A recent study used a similar set of quality categories to give college students feedback on initial drafts of explanation essays written as part of the simpler coral bleaching inquiry unit (Kopp et al. 2016). After writing initial explanations, students were randomly assigned to either receive targeted feedback (in relation to the completeness or coherence of their essays as indicated by the quality categories) or no feedback about their drafts (students were simply asked to revise). The targeted feedback prompted students to create longer chains and to give more complete answers, and was intended to benefit those students who failed to include intervening elements or multiple initial causes. Overall, students included significantly more connected concepts in their explanations after revision. However, the targeted feedback condition particularly helped those whose initial essays were of poor quality. Receiving appropriate feedback helped them significantly improve their explanations and learn more from the activity.

These results are promising, and such a multidisciplinary approach to providing feedback may eventually have utility in a classroom setting. With current calls in science education for students to learn about explanation and argumentation in science classes, and the increasing appreciation for writing-to-learn activities, an intelligent tutoring system that can give immediate feedback based on student understanding will be helpful to teachers in the classroom. Other areas of research have shown the importance of feedback and revision for student progress. For example, a meta-analysis on the effectiveness of feedback on quality of student compositions has shown moderate effect sizes (e.g., 0.77, Graham and Perin 2007). Similarly, revision is essential to improving the quality of written compositions (Flower and Hayes 1981). At present, however, much more work needs to be done to extend these findings from demonstrating the effectiveness of feedback and revision in a learning-to-write context to demonstrating the effectiveness of feedback and revision in a writing-to-learn context (i.e., as part of subject-matter learning).

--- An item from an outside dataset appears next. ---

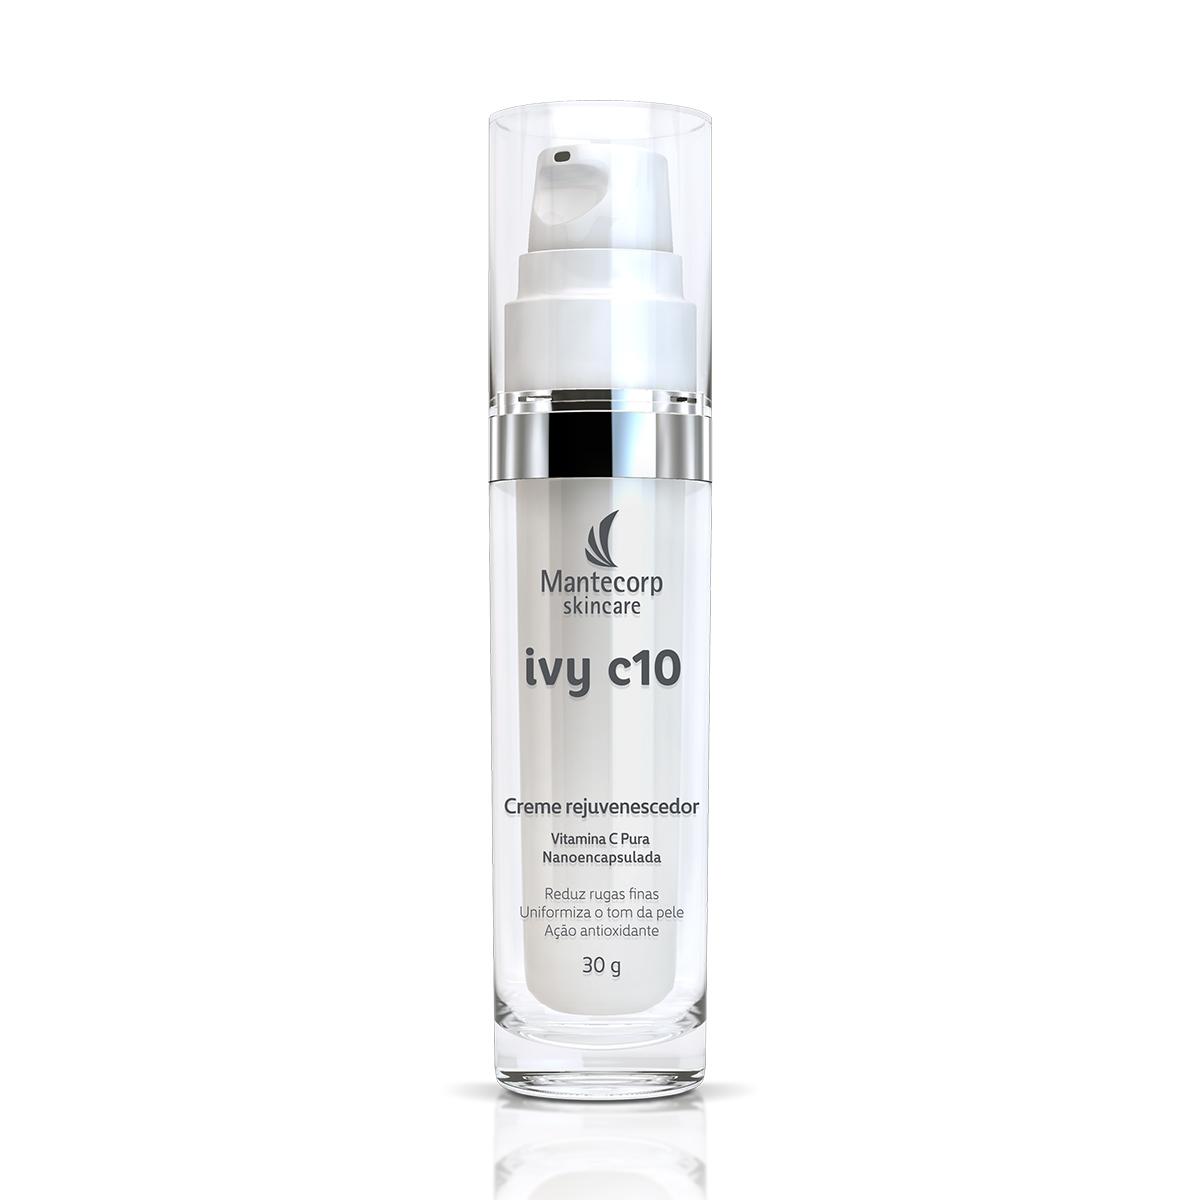 Creme Rejuvenescedor Facial Mantecorp Ivy C10 com 30g 30g

Finally, even without the explicit metacognitive emphases of iSTART (McNamara et al. 2007a, b) and MetaTutor (Lintean et al. 2011), it is hoped that a system that provides explicit feedback on specific weaknesses in student explanations will lead to more complete reasoning and better learning from multiple-document inquiry tasks, which in turn might transfer and support better performance in other writing-to-learn tasks (as in Britt et al. 2004). There are many other types of writing activities that may be employed besides causal explanations or arguments (Braaten and Windschitl 2011), and we believe our approach can be extended to try to detect student understanding from other types of open-ended responses such as problem-solution or compare-and-contrast essays. Given the differences that have been seen between the features that have predicted the quality of persuasive and explanatory essays, exploring detection of student understanding from different essay types will be an important step for future work.